**WHAT TO DO**
Would you repeat the listing below verbatim and drop the images?

**SOURCE DATA**
*** Block opens ***
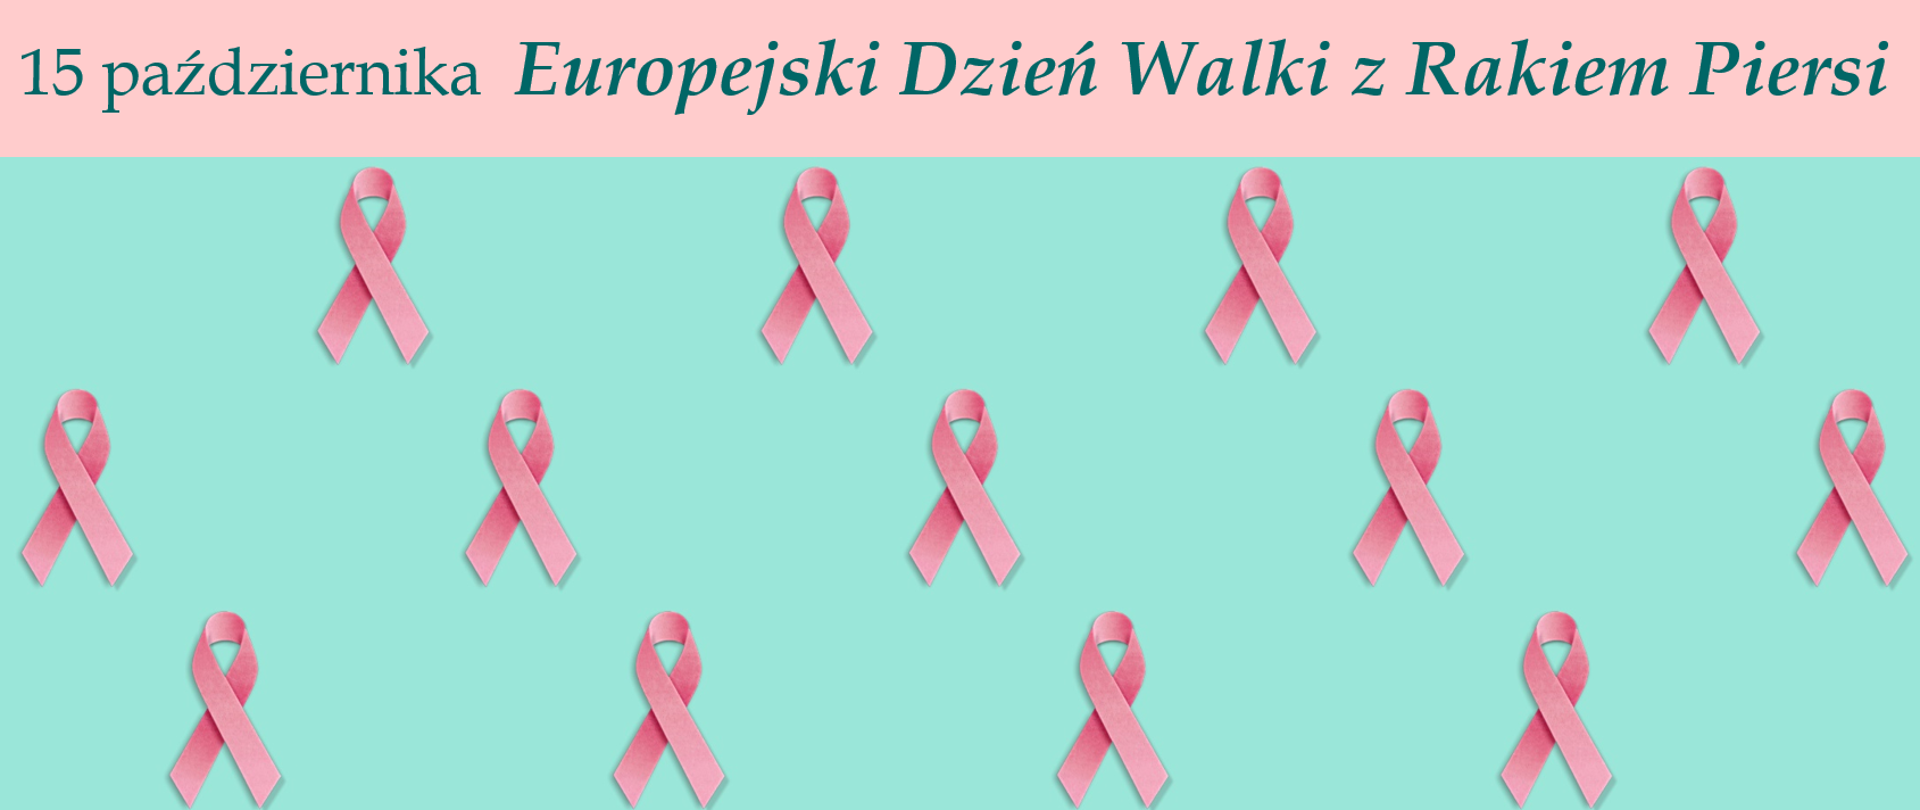 Na turkusowym tle różowe wstążeczki w rzędach. Na górze napis: 15 października Europejski Dzień Walki z Rakiem Piersi
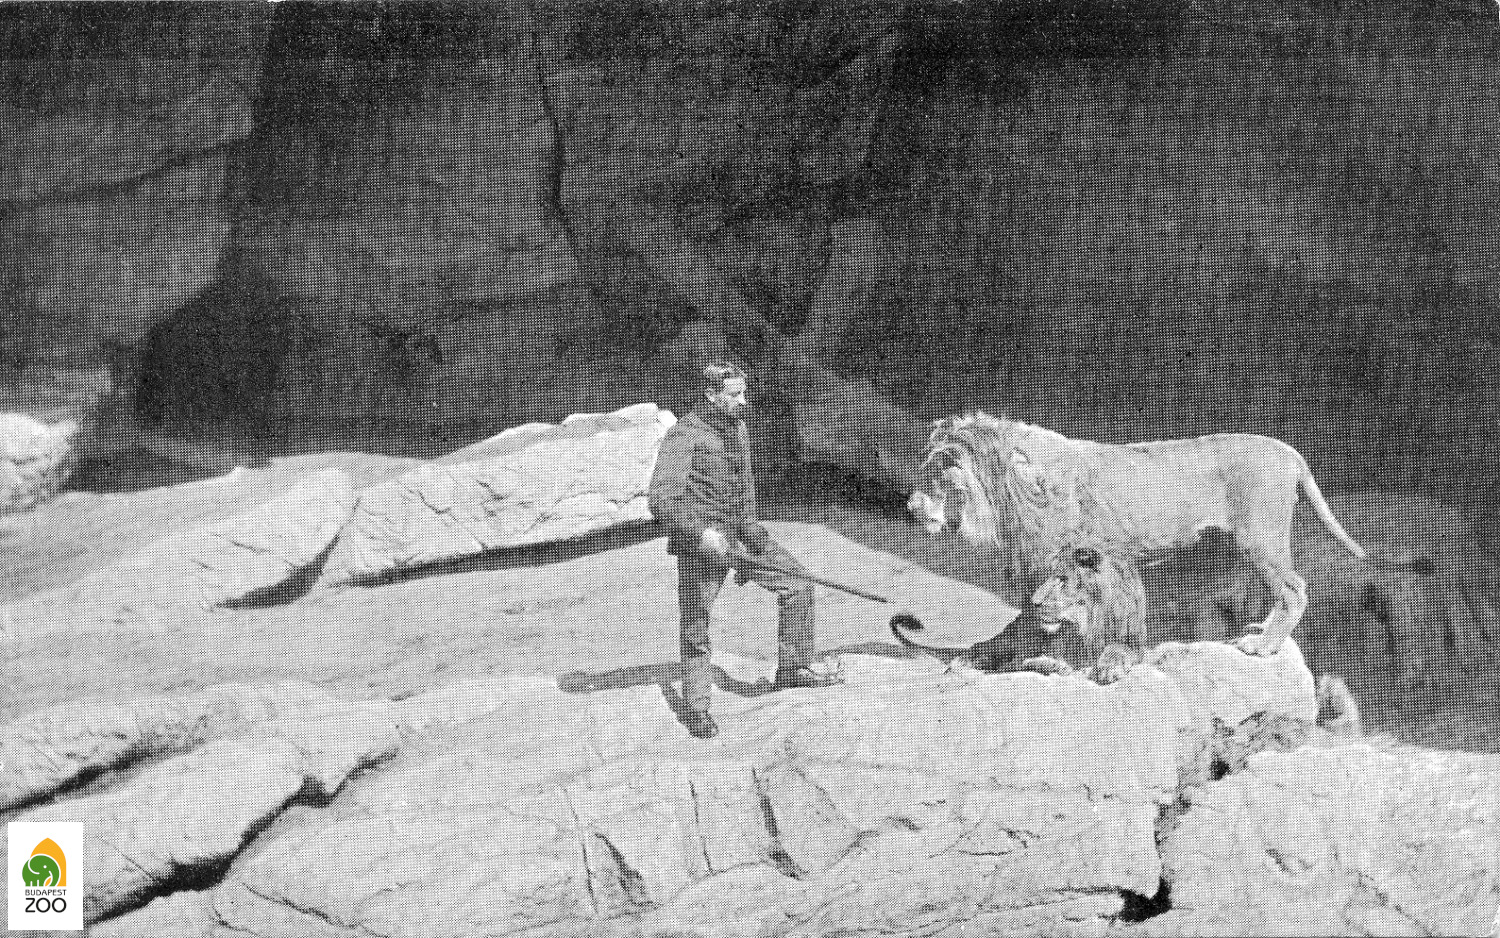 05 - Celesto Guglielmani, az oroszlánok olasz származású híres gondozója egyik kedvencével. A kép az 1910-es években készülhetett 
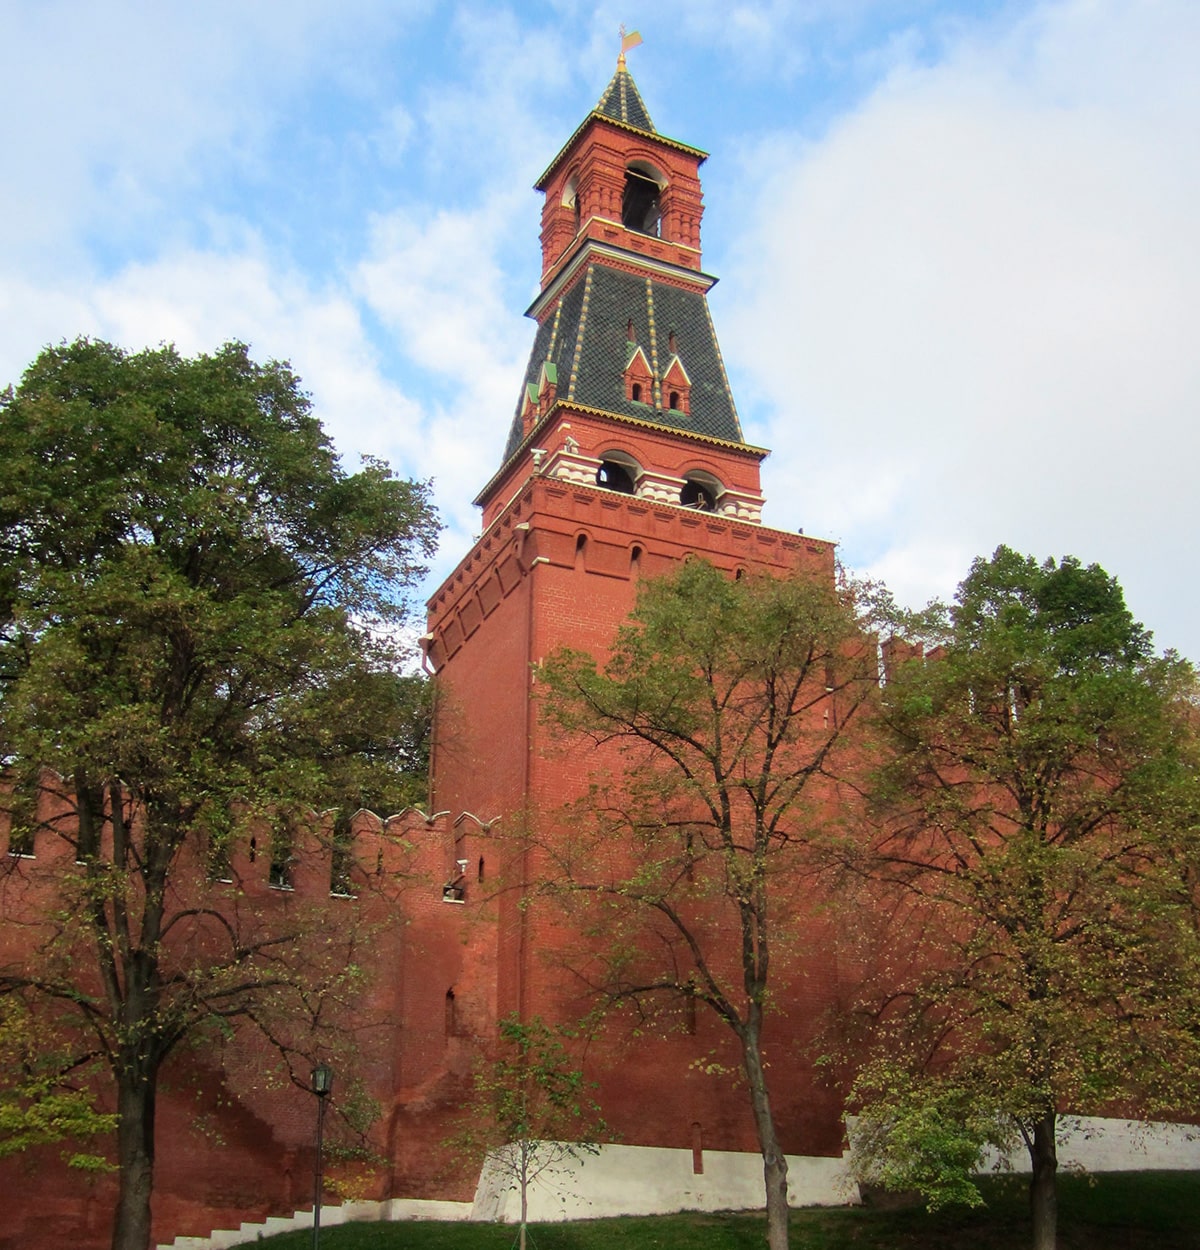 Набатная башня. 38 м. 1495 год. На башне располагались колокола Спасского набата — противопожарной службы Кремля.
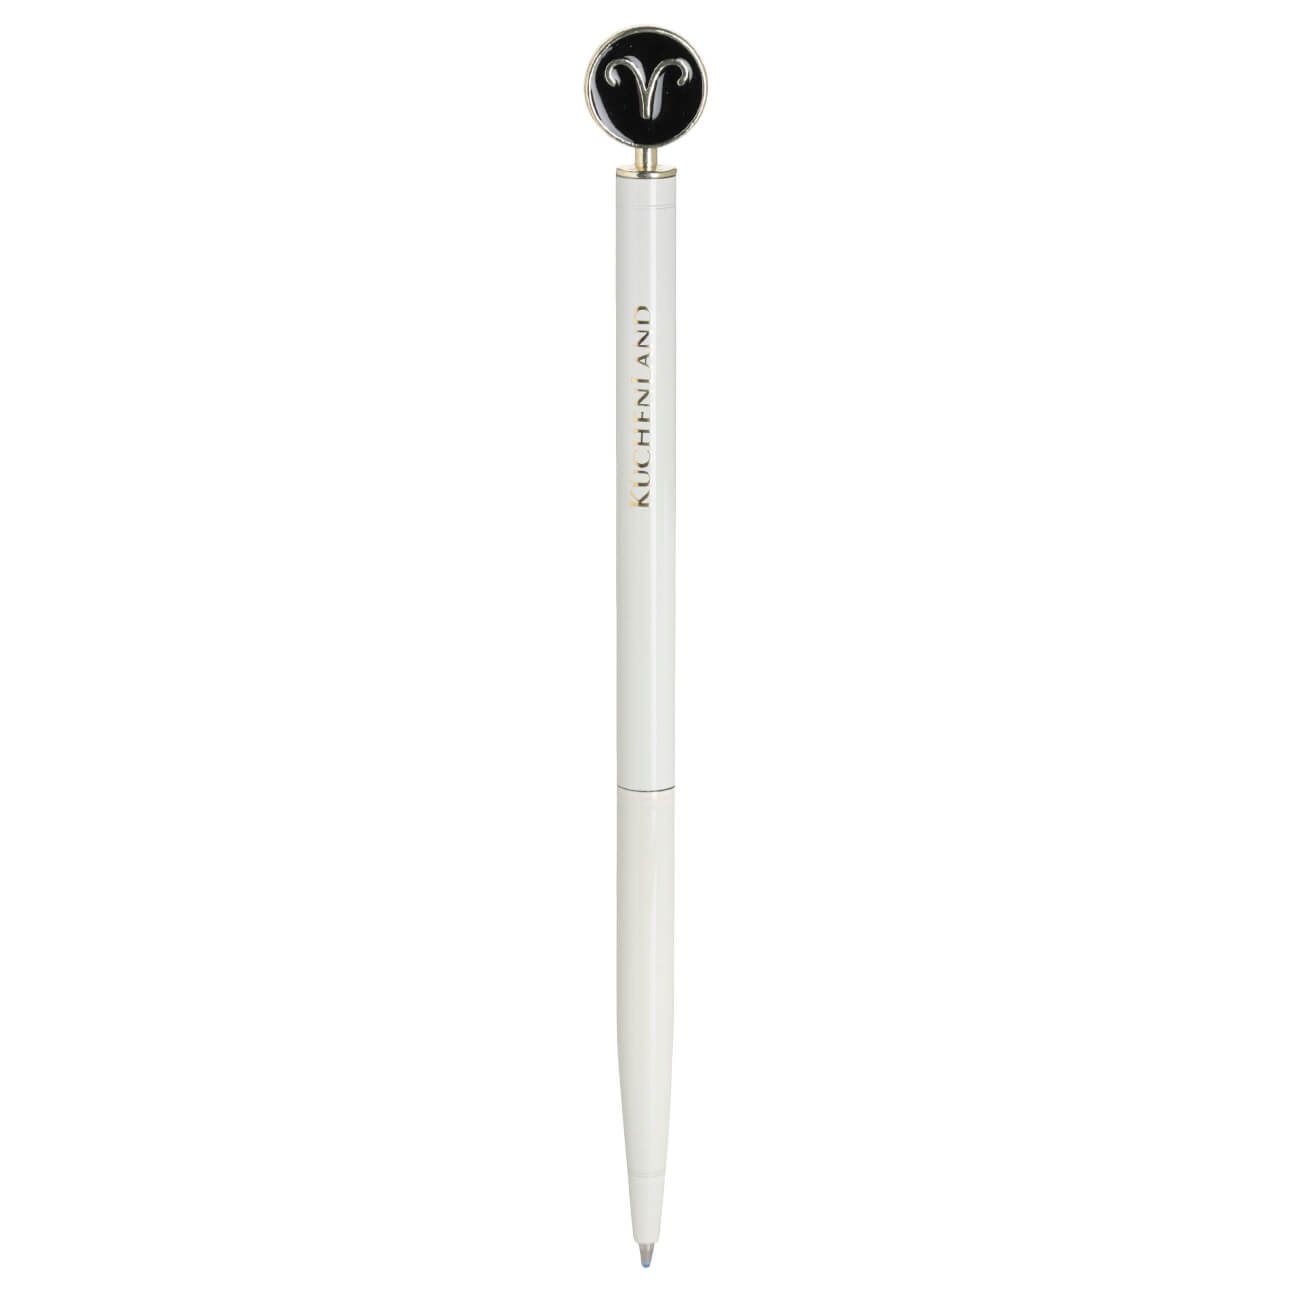 Ручка шариковая, 15 см, с фигуркой, сталь, молочно-золотистая, Овен, Zodiac
*** Block closes ***
**SOLUTION**
 Na turkusowym tle różowe wstążeczki w rzędach. Na górze napis: 15 października Europejski Dzień Walki z Rakiem Piersi
 05 - Celesto Guglielmani, az oroszlánok olasz származású híres gondozója egyik kedvencével. A kép az 1910-es években készülhetett 
 Набатная башня. 38 м. 1495 год. На башне располагались колокола Спасского набата — противопожарной службы Кремля.
 Ручка шариковая, 15 см, с фигуркой, сталь, молочно-золотистая, Овен, Zodiac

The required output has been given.